I am convinced that the likelihood of escape and the accessory risk of escape are greater in the local and interim places of incarceration which must hold for a brief time felons under executory sentences. There is no logic in imposing a more onerous penalty for escape upon one of these individuals after he has been placed in a maximum security-risk institution for the duration of his sentence
The Legislature has recognized through the predecessors to these acts that convicted felons whose sentences have become executory should be categorized differently from prisoners awaiting trial, prisoners convicted of misdemeanors or minor felonies, prisoners who still seek legal remedies in the trial court or by appeal.

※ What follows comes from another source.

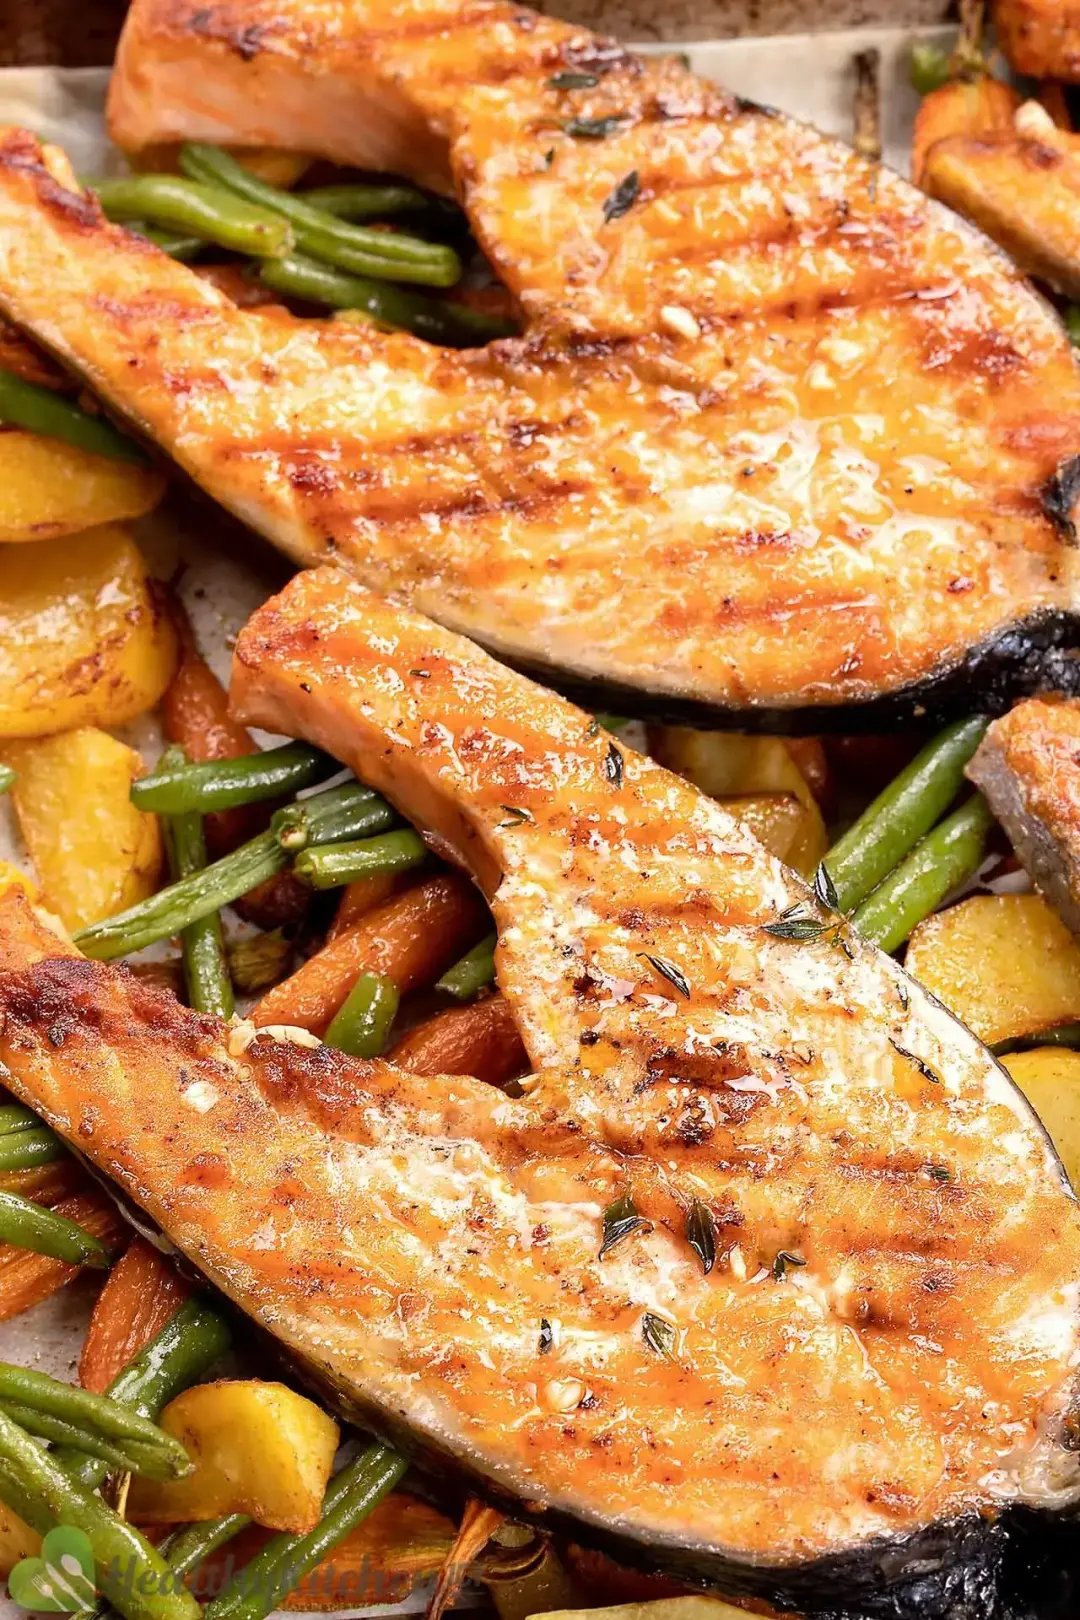 Two grilled salmon steaks atop a baking tray filled with string beans, potato wedges, and baby carrots

But apparently, according to the State a lobby secured the Legislature’s approval of a separate classification for prisoners at Angola, and the majority has approved that classification. Yet, as so often happens in the legislative process, the wording of the statute actually encompasses a broader classification. Under either theory of classification the statute is unreasonable, arbitrary, and capricious in classification, and is violative of the equal protection clause of the Constitution.
I respectfully dissent.

 The statute is also overinclusive if the majority’s rationale is accepted that its purpose is to protect residents outside the Angola prison, for escape includes within its legal definition many acts which do not require the actual departure from the outer confines of the prison. The imposition of unusually heavy penalties upon those who are legally classified as escapees but who do not threaten the outside environs does not further the purpose of affording protection to the neighboring residents.